Letter: Sick people should not fear government

To the community,

When my friends and I wrote and passed The Compassionate Use Act, otherwise known as Proposition 215, we never, in our worst nightmares, could have imagined that 17 years after its historic passage, medical marijuana patients would still be living in fear.

Steve Kubby

Steve Kubby

During all those years I’ve seen countless sick people arrested, humiliated, bankrupted, indicted, prosecuted like common criminals, and sent off to prison for decades at a time, all over a healing herb. I’ve also seen the exhausted faces of patients who must endure long rides, sometimes through dangerous blizzard conditions, because they have run out of the strain of cannabis that works best for them and are forced to travel to the Bay Area to get their preferred strain of medicine and the real relief it provides for them.

Right now, here is South Lake Tahoe, there are sick people who live in constant fear that the city will come in unannounced, turn off their power, fine them $1,000 per day and leave them to die.

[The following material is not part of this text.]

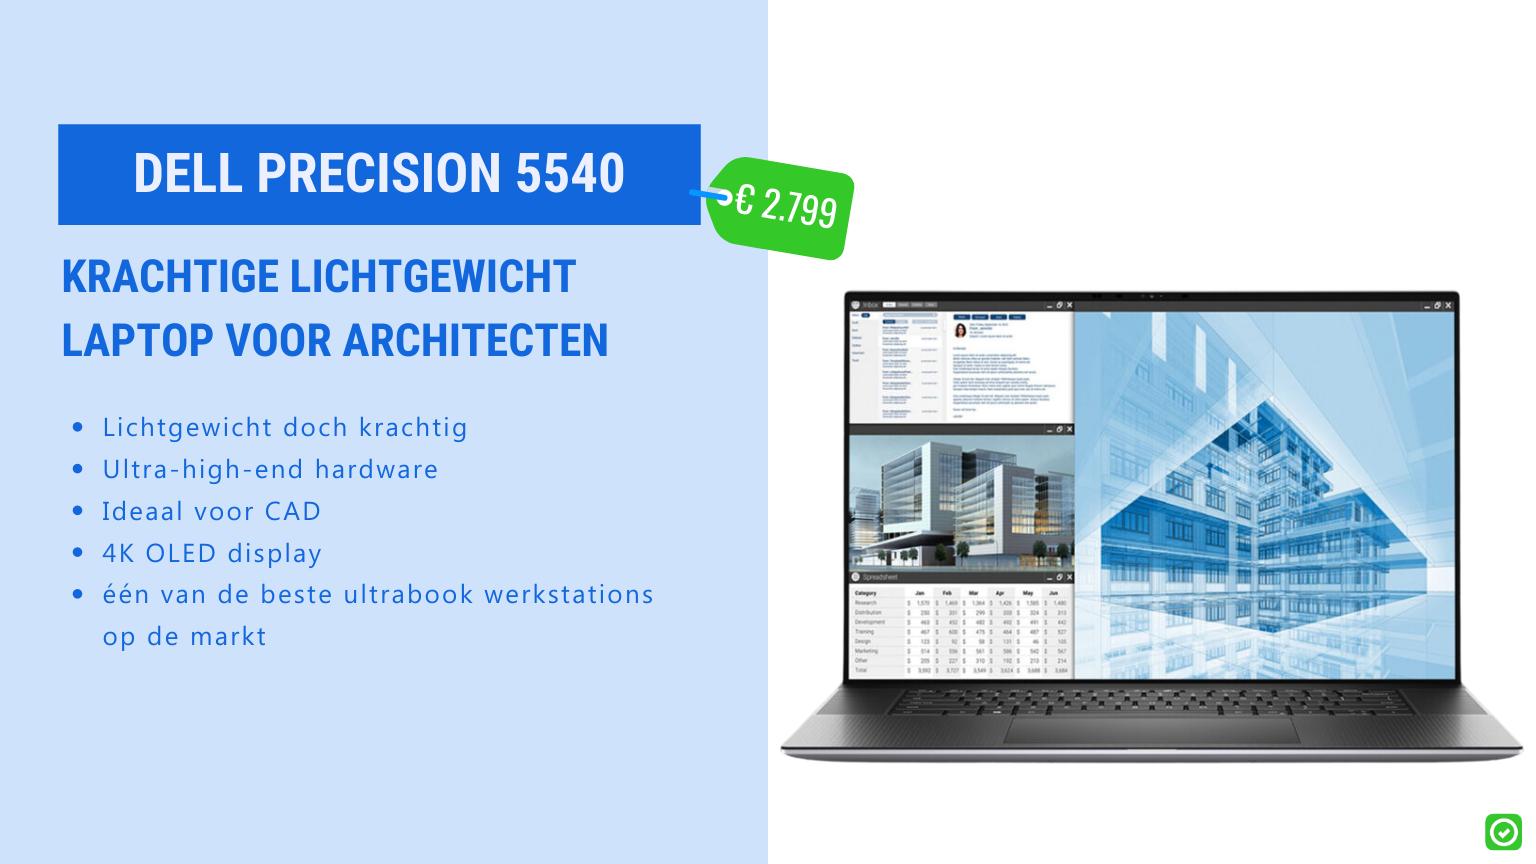 dell precision 5540 krachtige lichtegewicht laptop voor architecten

They live in terror of low flying aircraft, especially helicopters, convinced that they are about to be discovered and evicted. They avoid going out into public and hide in their homes and apartments instead. Yes, they are horribly sick and living in fear each day.

You don’t ever see them, or hear from them, but I do. Some have obvious disabilities, others appear to be fine, but are in terrible pain and suffering. Most of all, however, they are in fear that enforcers from the city will find them, issue demands they can’t meet, shut off their power and destroy their lives.

Source: California Attorney General's Office

                   Source: California Attorney General’s Office

Regardless of how you or anyone else feels about marijuana, I think we can all agree that genuinely sick people do not deserve to live in daily fear of their city government.

Sadly, there are those who just don’t understand and choose to spread falsehoods instead. Don’t believe the nonsense about how our initiative “will result a pot store on every street corner.” It’s just phony propaganda by a small minority of opponents. Even the city attorney had to remove his comments about “Unlimited Dispensaries” and issue a new title and summary.

Only those who have been residents for over a year in South Lake Tahoe can qualify to operate a dispensary. And the City Council retains the right to ban signage or ban new dispensaries after six months. So don’t buy into the hype and propaganda that people are making up about this compassionate attempt to provide safe access for patients who genuinely need this extraordinary medicine.

In order to protect dispensaries, we also created a clause about making it a crime to conspire with federal authorities to violate state medical marijuana laws. The city attorney balked at approving this clause, alleging that this is an illegal attempt to prohibit the police from enforcing marijuana laws, but we are firmly convinced that it is just the opposite and our initiative is intended to force police to uphold our state medical marijuana laws instead. We know that 99 percent of the federal raids on dispensaries begin with some local official or officer contacting the DEA and telling them that their local government or police have been unable to legally ban or evict certain dispensaries. So from our perspective, it is vital that we have a clause that upholds state medical marijuana laws, by making it a crime to conspire with federal agents intent upon violating state laws.

On Monday, I spoke with the city attorney about our objections to the title and summary he issued which included allegations such as “prohibits police from enforcing marijuana laws” and “allows for unlimited dispensaries.” After a frank exchange of views, the city attorney then issued a second title and summary Dec. 9 that removed these fraudulent claims about our initiative.

Of course, there are those who will assert that dispensaries will mean more weed ending up in the hands of kids. That is certainly the claim that the drug czar, Barry McCaffrey, made after the passage of Prop. 215. These are the haters and bigots who want us to believe that throwing kids caught with wee into a jail cell with sexual predators and hardened criminals is the answer to our drug problems.

Now, more than 17 years after the passage of California’s Prop. 215, a considerable body of data exists on teen use of weed and the evidence is clear. No state with a medical marijuana law has experienced an overall increase in youth marijuana use since the law’s enactment. All have reported overall decreases — in some cases exceeding 50 percent in specific age groups — strongly suggesting that the enactment of state medical marijuana laws does not increase teen marijuana use. See details here.

So don’t pay attention to the vocal minority who oppose us and try to paint medical marijuana as some sort of fringe issue. The fact is that every national poll done, including by Fox News, shows 80 percent support for medical marijuana. Here in South Lake Tahoe, voters supported legalization in 2010 with a whopping 58 percent “yes” and a pathetic 42 percent “no”.

The time has come to ignore those who tell you that South Lake Tahoe doesn’t want medical marijuana in our community because this town clearly supports the medical use of cannabis and we have the polls to prove it.

Watch and you will see that those who oppose medical marijuana have no real arguments and must rely instead upon personal attacks against me instead.

With this in mind, my team and I will begin collecting signatures this week, in order to give voters a chance to stop the city from threatening sick people and protect them instead.